Tuesday, March 25, 2014

Pay Attention

The other night I went to Wal Mart kind of late to pick up some stuff, and to get out of the house.  The woman who rang up my groceries was about my age.  It was almost ten o'clock.  We had a conversation that went sort of like this:

"You much be ready to go home," I said.

"Yes.  But when you think about it, who does want to be working, late at night,  away from their families and their homes?"

"True," I said.  "And then you must get some customers that are hard to deal with."

"It's really not so bad," she said.  "People are nice.  The people I work with are nice.  It's a good place to work.  Sometimes, people just have a hard time and they're going to be in a bad mood.  As long as you understand that every now and then, you're going to get someone like that, then it's okay."

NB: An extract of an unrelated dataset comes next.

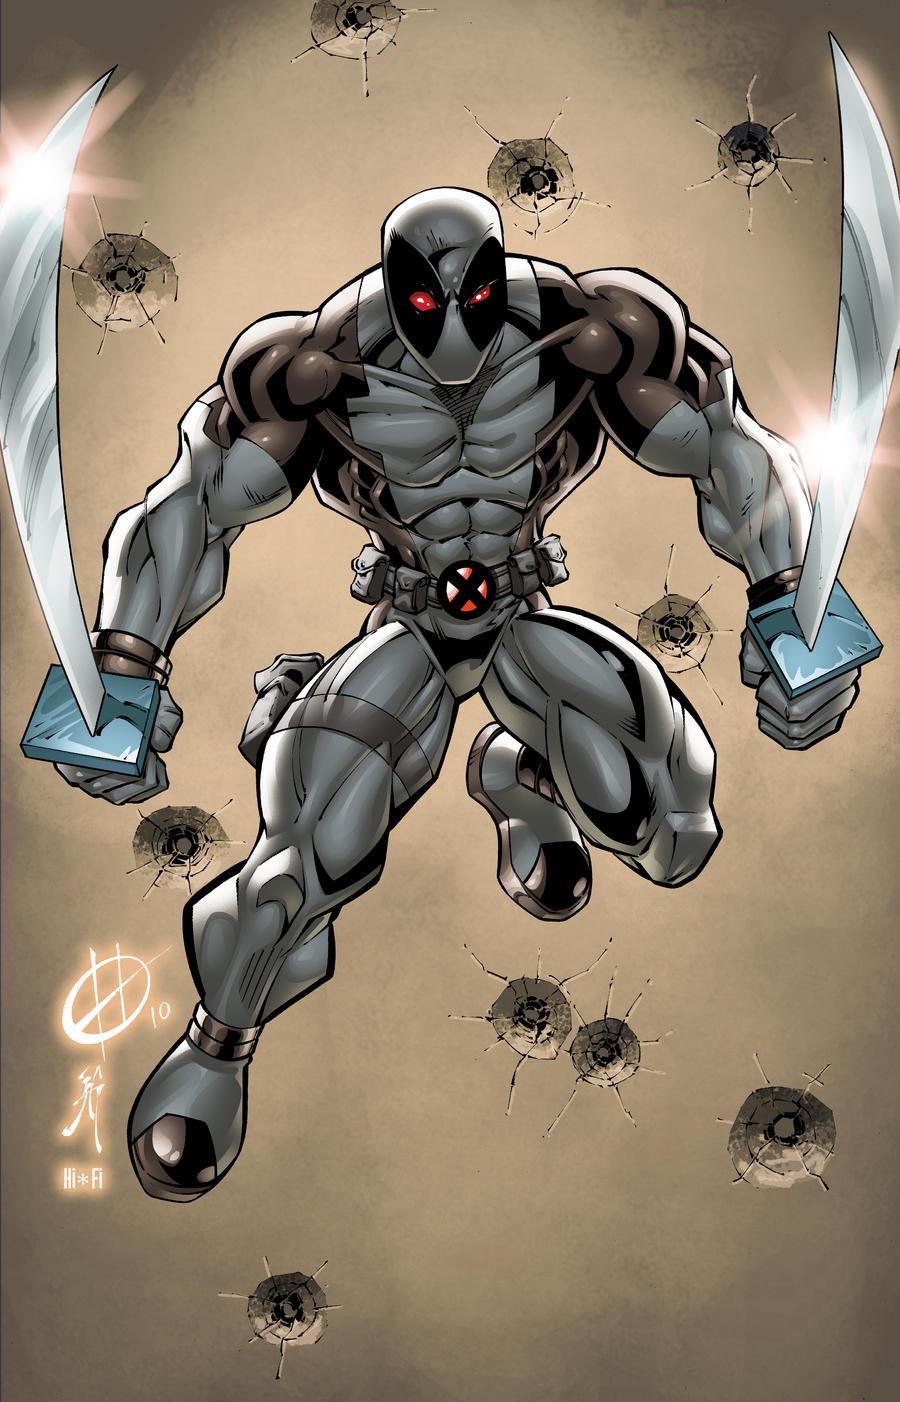 X Force Deadpool Premium Format Sidesho...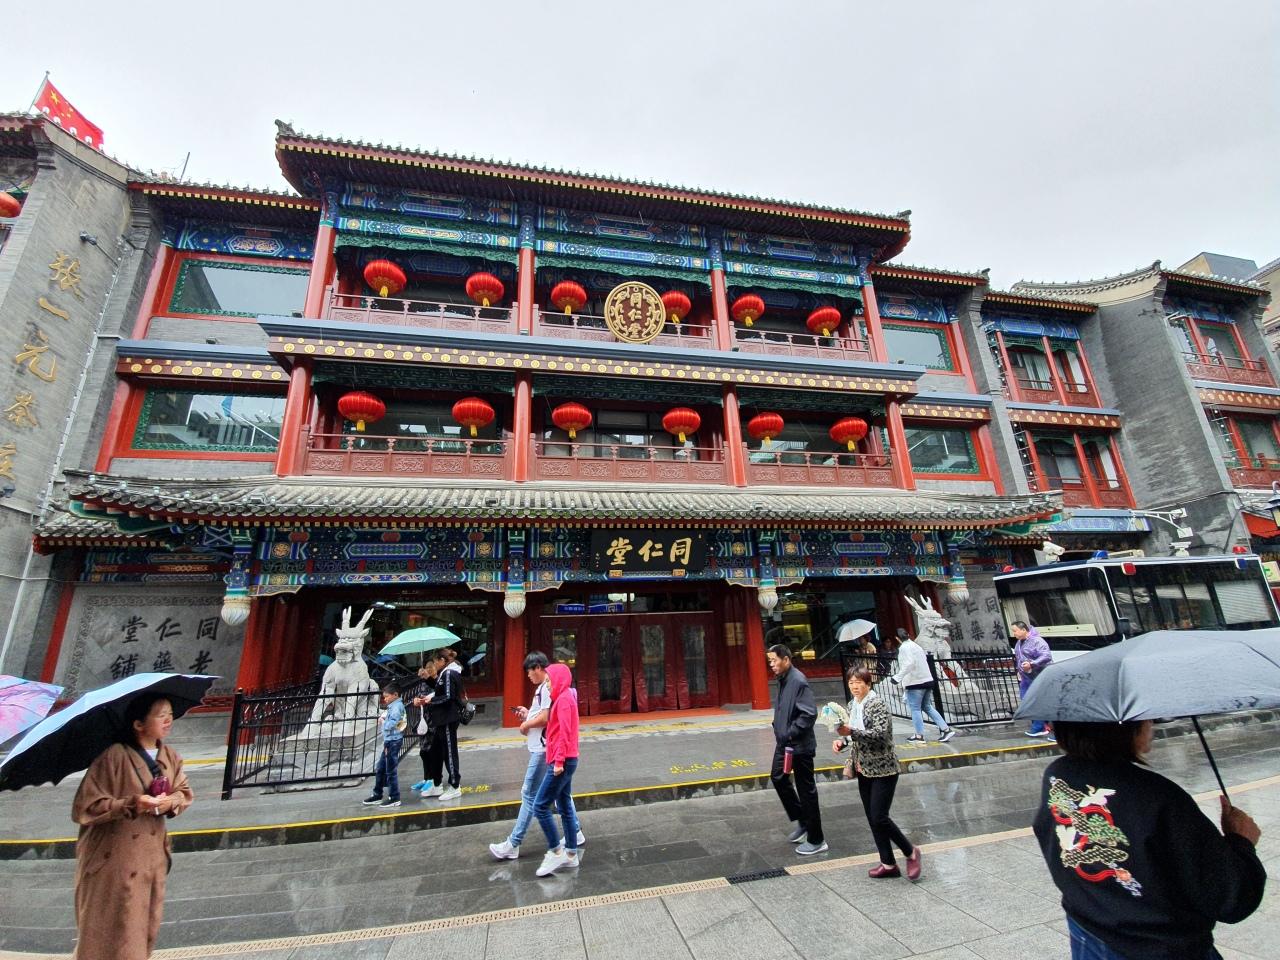 Day 34: AroundBeijing

I LOVED her attitude.  She had every reason to be in a foul mood herself.  She was working late, had been on her feet all day, and was obviously tired.  But her perspective changed everything!  She had made a conscious decision to view her job and the people she came across in that job in a certain way, and she was better off for it.

In the past few years I have found that this applies to many things in life.  It's easy to get up in the morning and complain, and to express our unhappiness over things that aren't quite going the way we want them to.  It's challenging to take a less than desirable situation and turn it into something that can be enjoyed or at least make you content.  But it can be done.  How do you do this?  How do you change your attitude?

The biggest tool I use for this is prayer.  Because God has an eternal perspective, praying about a situation can actually give you peace.  If you're going through a trial, praying can ease your mind and help you to remove yourself from the "here and now" of the problem and look at it from a distance.  This is also useful in solving problems that arise in your life.  It keeps you cool headed.  It helps you act after thinking, not act without thinking.

The other major tool that can help you is empathy.  Stop and switch places with someone.  Being with Logan and witnessing his struggles with communication and behavior has taught me that when someone is acting a certain way, there is always a reason.  Whatever that reason may be...I try to think about the person I'm dealing with and understand their behavior. Sometimes there's an explanation.  Sometimes not.  But either way, you are still accountable for how you are acting towards them.

As I write this Logan is sitting in a rocking chair next to me, pushing on my arm with his foot and yelling (or "singing" as he sometimes tries to call it.)  It's annoying.  But he's telling me something.  He's saying, Stop writing, mom, and look at me.  Pay attention.